Img2Vec/starter.py

233 lines
7.4 KiB
Python

import os
import argparse
import pickle
import logging
from pathlib import Path
from typing import Dict
import numpy as np
from PIL import Image
import torch
from tqdm import tqdm
from atomicwrites import atomic_write
from embedder import ImageEmbedder, DEVICE
# Configure logging
logging.basicConfig(level=logging.INFO)
logger = logging.getLogger(__name__)
# Default paths
DEFAULT_OUTPUT_DIR = Path("embeddings")
DEFAULT_EMB_FILE = "image_embeddings.pkl"
def parse_args():
parser = argparse.ArgumentParser(
description="Batch-convert images into 4096D embeddings stored in unified dictionary"
)
parser.add_argument(
"--image-dir", required=True,
help="Path to folder containing images (jpg/png/bmp/gif/webp)"
)
parser.add_argument(
"--output-dir", default=str(DEFAULT_OUTPUT_DIR),
help="Directory to save embeddings file"
)
parser.add_argument(
"--output-file", default=DEFAULT_EMB_FILE,
help="Filename for embeddings dictionary (pkl format)"
)
parser.add_argument(
"--vision-model", default="openai/clip-vit-large-patch14-336",
help="Hugging Face CLIP vision model name"
)
parser.add_argument(
"--embedding-dim", type=int, default=4096,
help="Output embedding dimension"
)
parser.add_argument(
"--llava-ckpt", default=None,
help="(Optional) LLaVA checkpoint to load projection weights from"
)
parser.add_argument(
"--batch-size", type=int, default=32,
help="Batch size for processing images"
)
parser.add_argument(
"--resume", action="store_true",
help="Resume from existing embeddings file (skip already processed images)"
)
return parser.parse_args()
def find_images(folder: str) -> list:
"""Find all supported image files in folder (non-recursive by default)"""
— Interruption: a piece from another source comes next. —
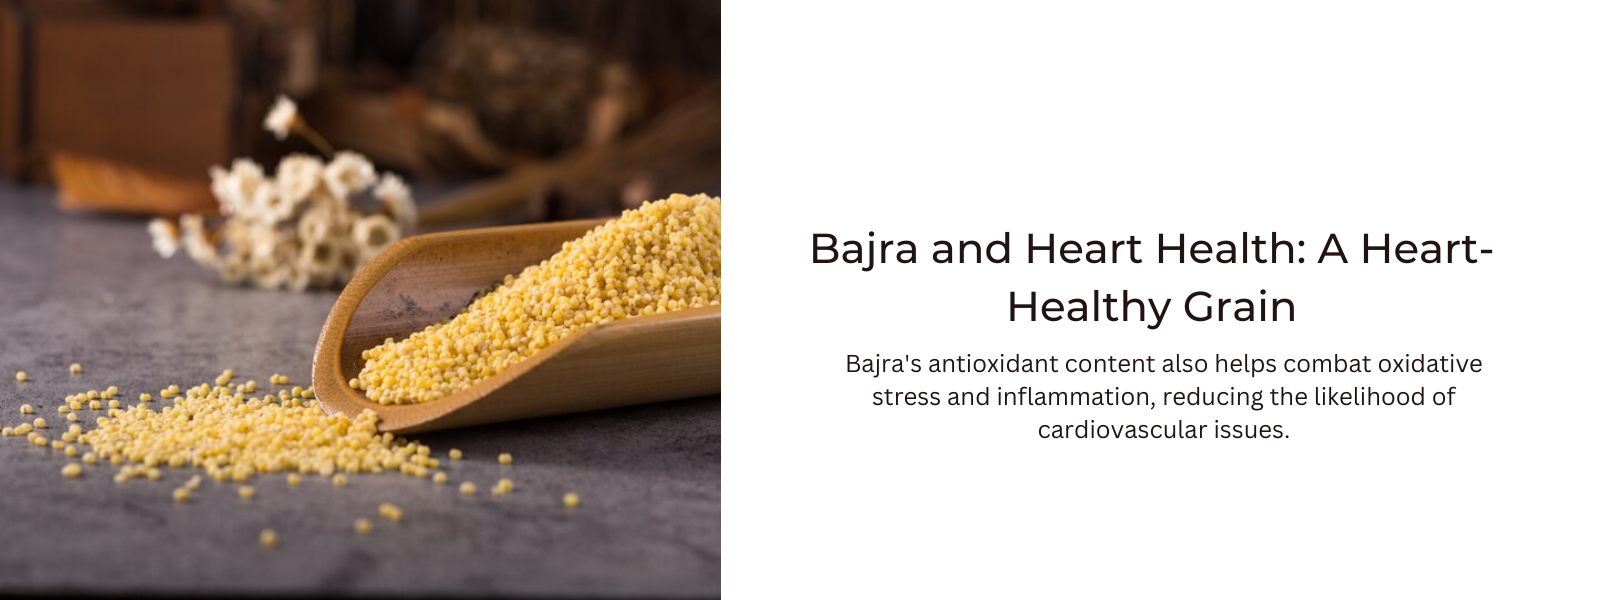 Bajra and Heart Health: A Heart-Healthy Grain

supported_exts = (".jpg", ".jpeg", ".png", ".bmp", ".gif", ".webp", ".tiff", ".tif")
image_paths = []
folder_path = Path(folder)
# Use a set to avoid duplicates
found_files = set()
# Search for files with supported extensions (case-insensitive)
for file_path in folder_path.iterdir():
if file_path.is_file():
file_ext = file_path.suffix.lower()
if file_ext in supported_exts:
found_files.add(str(file_path.resolve()))
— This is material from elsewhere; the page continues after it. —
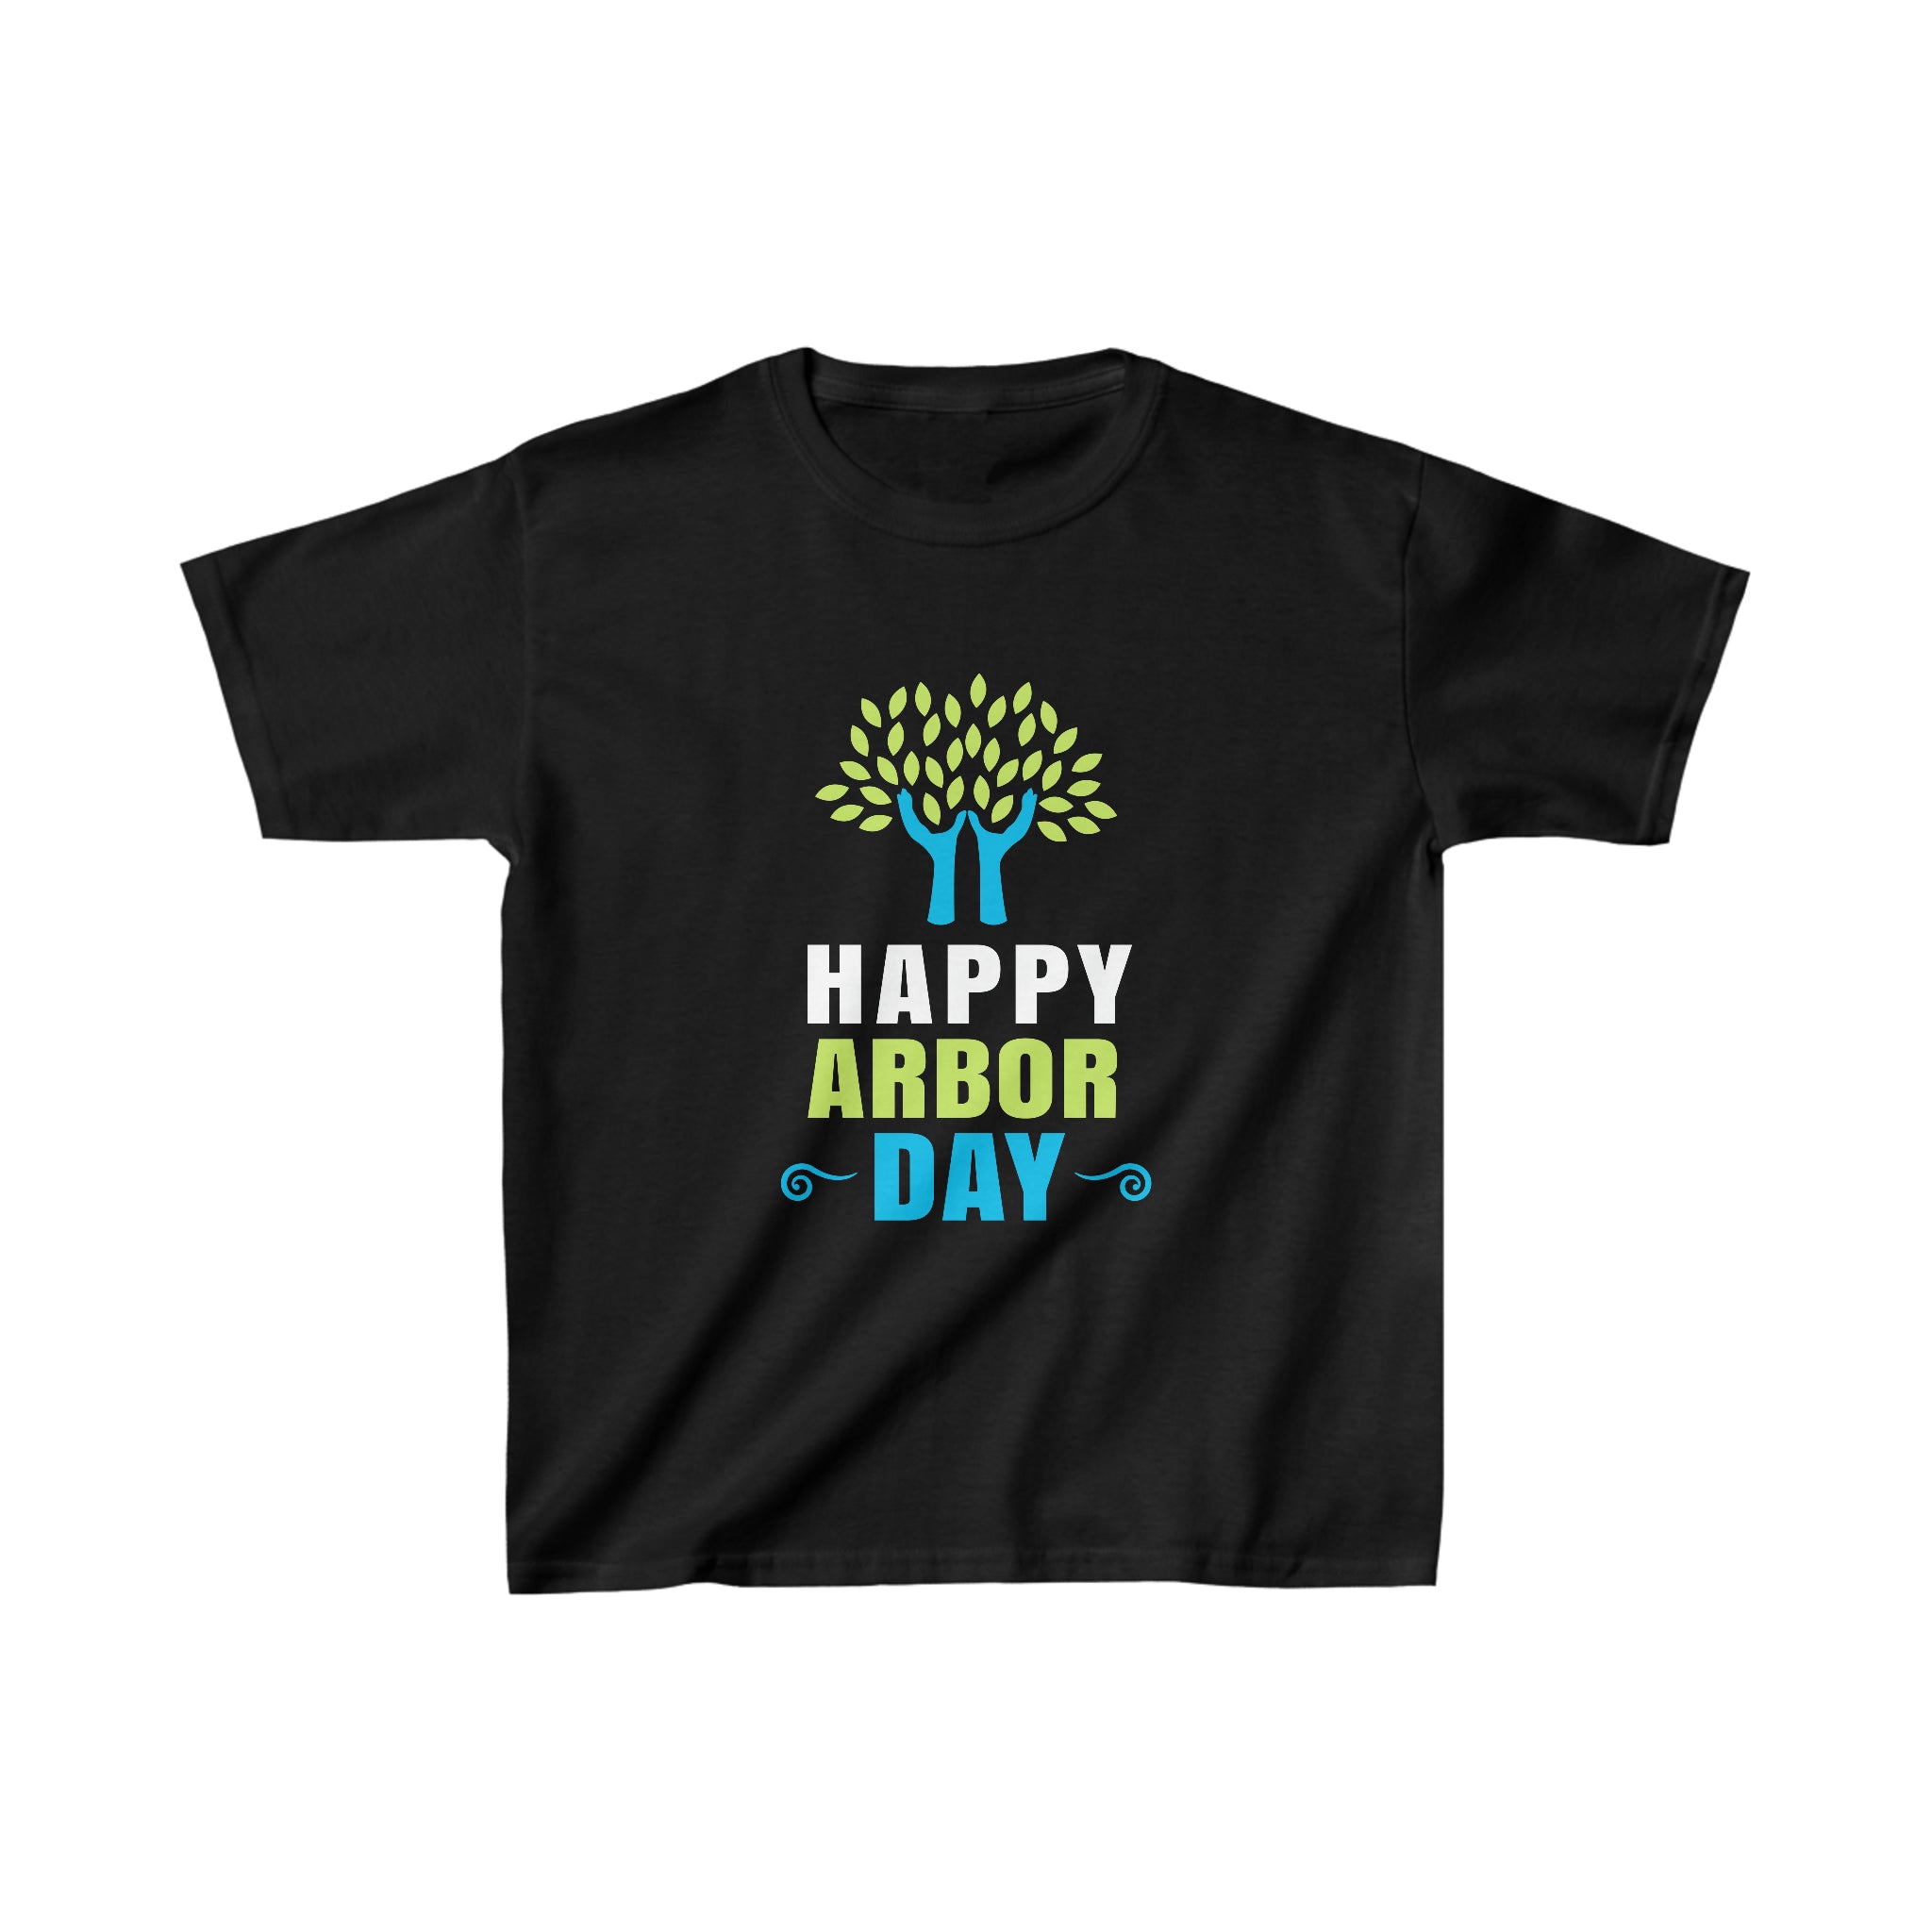 Happy Arbor Day Shirts Earth Day Shirts Save the Planet Boys Tshirts

return sorted(list(found_files))
def load_existing_embeddings(filepath: Path) -> Dict[str, np.ndarray]:
"""Load existing embeddings dictionary"""
if not filepath.exists():
return {}
try:
with open(filepath, "rb") as f:
embeddings = pickle.load(f)
logger.info(f"Loaded {len(embeddings)} existing embeddings from {filepath}")
return embeddings
except Exception as e:
logger.warning(f"Failed to load existing embeddings: {e}")
return {}
def save_embeddings(embeddings: Dict[str, np.ndarray], filepath: Path):
"""Safely save embeddings dictionary"""
filepath.parent.mkdir(parents=True, exist_ok=True)
with atomic_write(filepath, mode='wb', overwrite=True) as f:
pickle.dump(embeddings, f, protocol=pickle.HIGHEST_PROTOCOL)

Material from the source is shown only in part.